Когда Павел появился на пороге столовой, гости встали, и он обошел их, каждому протягивая руку для поцелуя. Едва дождавшись конца этой церемонии, Сумароков вернулся к прерванной беседе:
– Ах, если бы его со мною не ссорили и следовал бы он моим советам!
Павел догадался, что Александр Петрович говорит о Ломоносове, как уже не раз делывал это.
– Правда, не был бы он и тогда столько расторопен, сколько от искусного стопослагателя требуется, но был бы гораздо исправнее. А способности к поэзии, – хотя только в оде выраженной, – имеет он весьма много. Вся слава Ломоносова как поэта в одних его одах состоит, а прочие его стихотворные сочинения и посредственного в нем поэта не показывают.
– Как? – в изумлении переспросил Порошин. – Не показывают в нем поэта «Разговор с Анакреоном» или письмо о пользе стекла? Быть того не может, Александр Петрович!

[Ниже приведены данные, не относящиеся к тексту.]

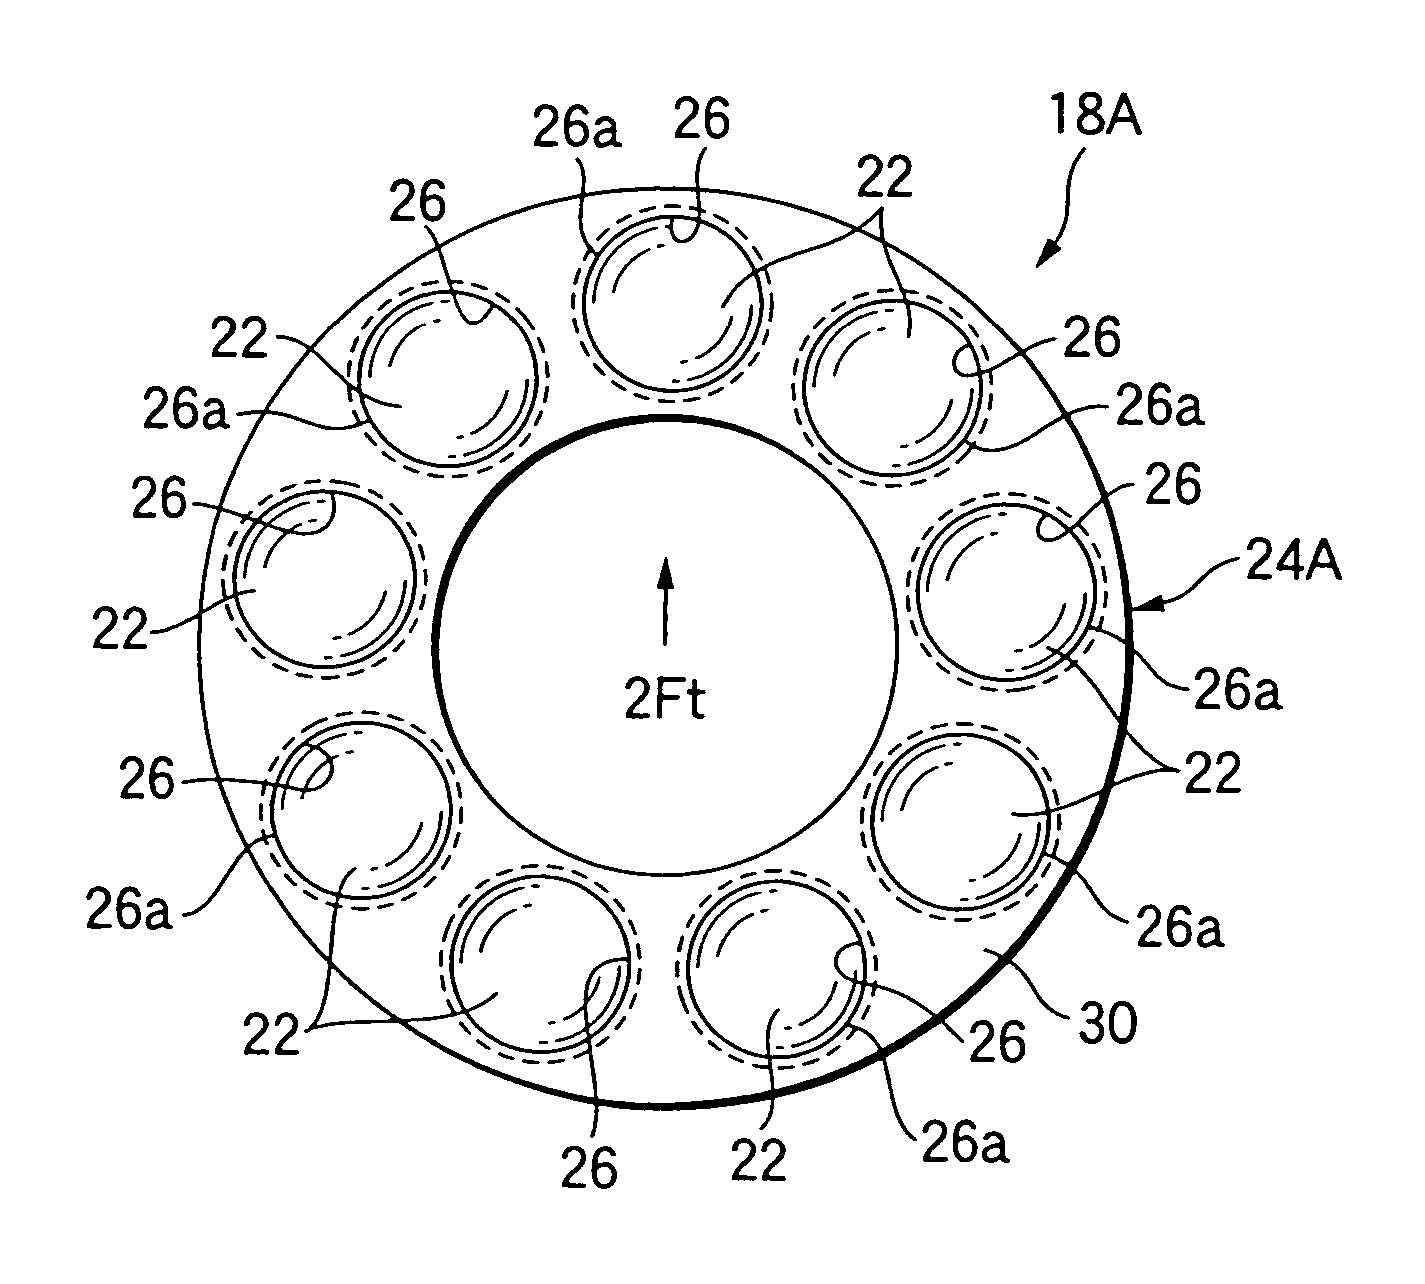 Power roller bearing for toroidal-type continuously variable transmission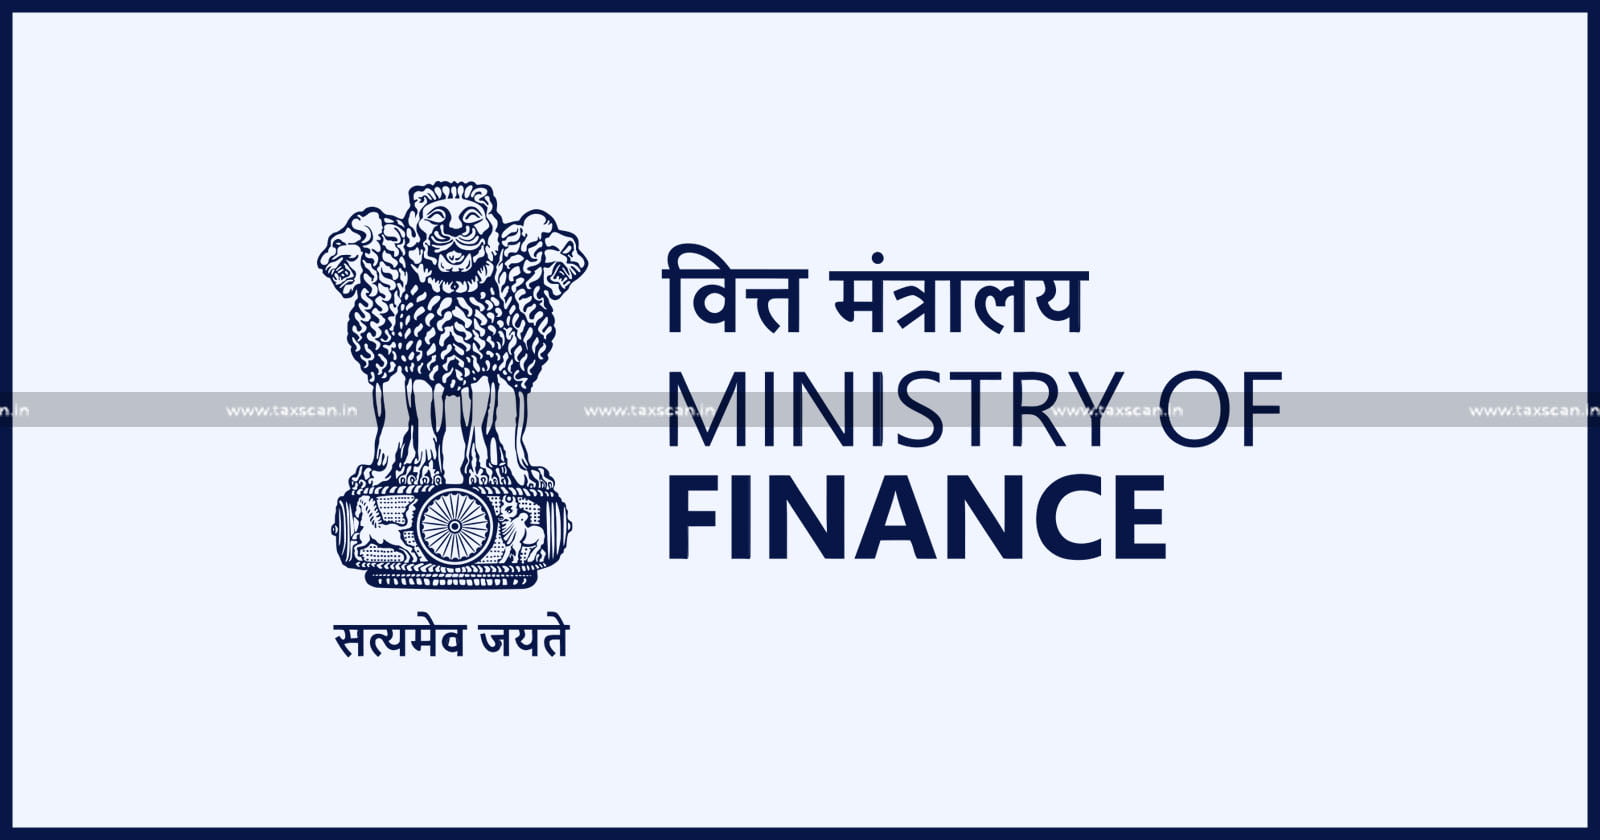 Finance Ministry - Private Finance Companies - Authentication - PMLA - Finance Ministry Permits new 6 Private Finance Companies - taxscan

– Что ж, возьмите это письмо к господину Шувалову о стекле, – горячо воскликнул Сумароков, – и посмотрите на стих! Везде Ломоносов путает стопы! Надобно ямб и амфибрахий – он ставит дактиль и хорей, надобно ямб – он снова хорей и дактиль. Или вот изображение: «И чиста совесть рвет притворств гнилых завесу». Допустим, что стопы здесь исправны, зато ведь нет ни складу, ни ладу: стрв, тпри, рствгни… Как же выговорить это? Сыщется ли человек, который сей гнусный стих по содержанию и по составу похвалит?! И пускай кто-нибудь поищет в моих сочинениях такого стиха! Не найдет!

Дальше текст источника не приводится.